I frown, my spirit is broken or the time being. I take a last look of the small bottle, it looks pretty tasty . . . no! I can't eat that candy, it's from the seventies! I check for a expiration date there was none. The raging impulse side of me came out. I take the small little cork off the bottle and chug it down. The flavor savored in my mouth, it tasted like something indescribable. It was delicious and amazing! I let it stay in my mouth as long as possible until it finally went way.

Never mind that was so worth fifteen dollars . . . mmhmm I want to buy more. Maybe I could order some on their website, tasting this good they probably still sell it. I go on and check there was nothing. Aw that sucks. . . I check the time and it was dreadfully time to go to school.

I put on a sweater and a raincoat in case. I go to the only high school in town Water Valley High. It was okay I guess, I don't really get bullied because I'm labeled as the nice nerdy girl so no one picks on me.. Everyone was really nice but I didn't talk mostly because of my disorder. 

I arrive and lock up my bike and head over to my locker, some people wave 'Hi' I wave back to be nice but I never actually talked to one of them. I put all my stuff in the locker when I close It someone is leaning right next to my locker staring at me. Of course I get quickly startled, that's one thing I hate and can't control getting scared for no reason. It was the school's 'Rebel' he was always nice to me, which I was always suspicious why.
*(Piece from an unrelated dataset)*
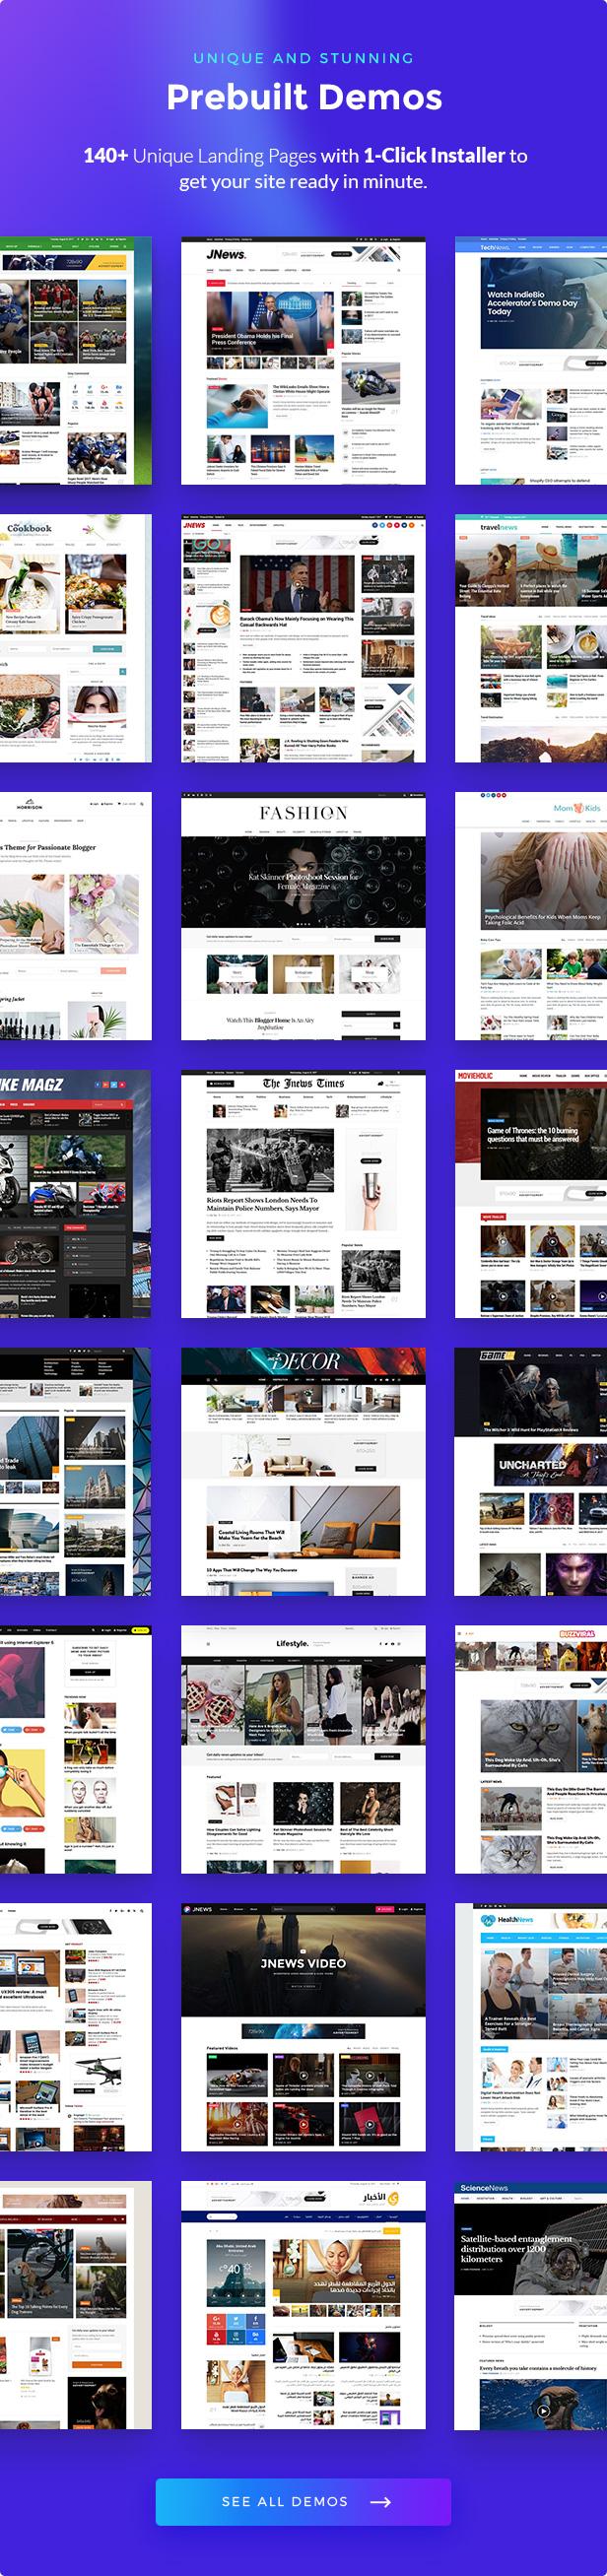 JNews - WordPress Newspaper Magazine Blog AMP Theme - 26
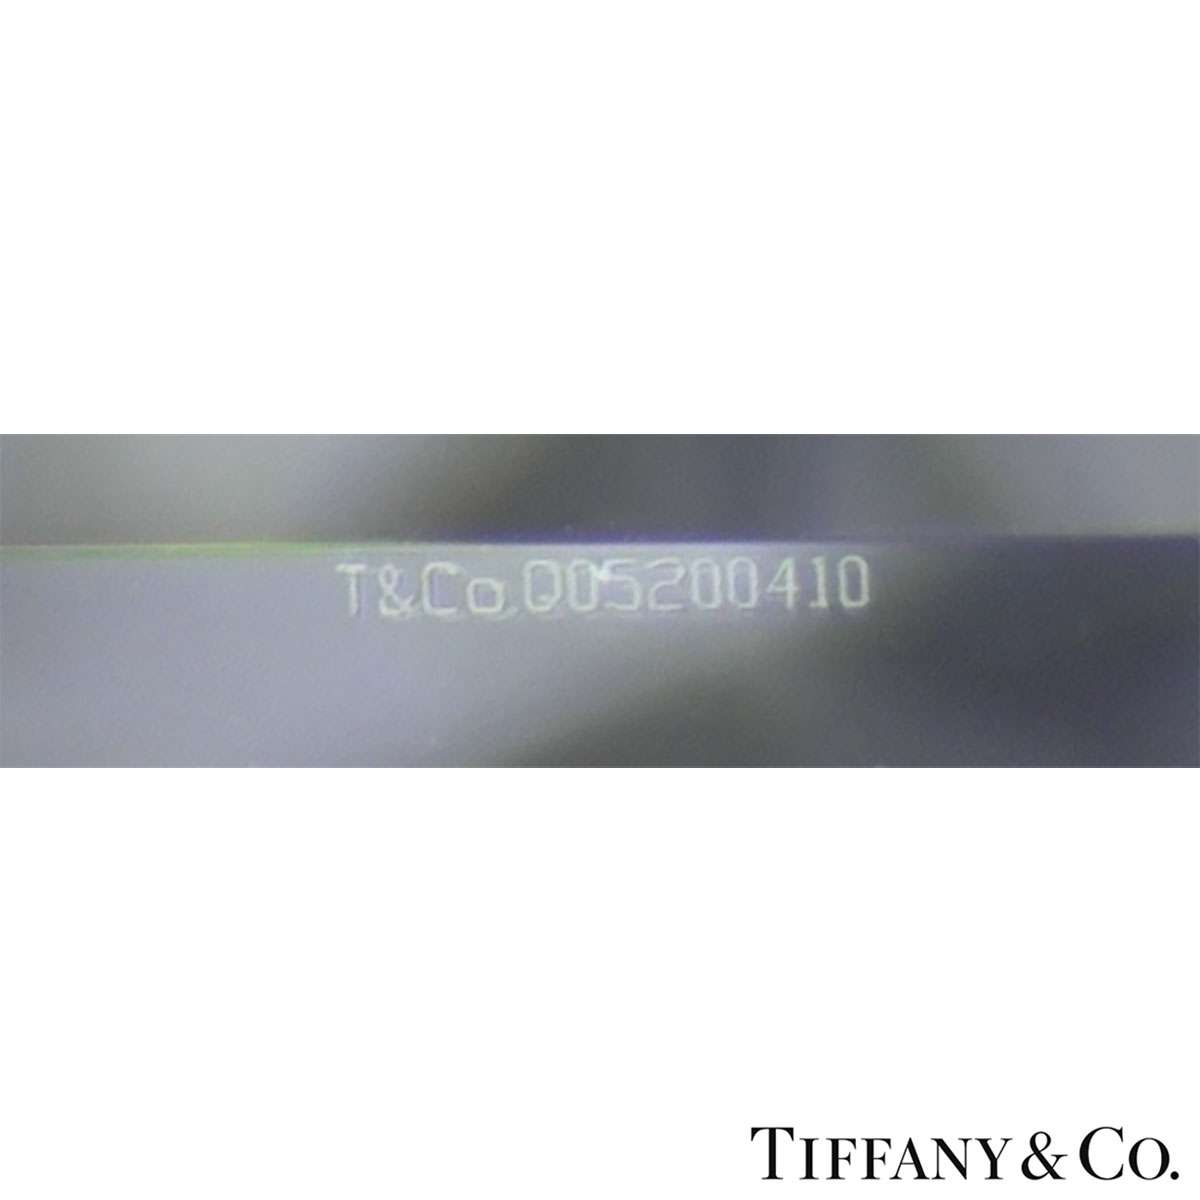 Tiffany & Co. Round Brilliant Cut Diamond Ring 0.86ct H/VVS1 XXX

"So you go here huh?" He asked using direct eye contact which I hate. I stare down at my shoes and nod yes.

He laughed which made me even more scared to the point I'm shaking. "Don't be scared pretty mouse I only wanna go out with you." The bell rang, I was more than grateful for, I acted like a ninja all day because of this. When school was over I rushed home opened the door slammed it and let myself drop. I started to cry, why do I have to be like this?! I don't do it on purpose .  . . I really need to change . .  . I wish I was like you Purple Ali.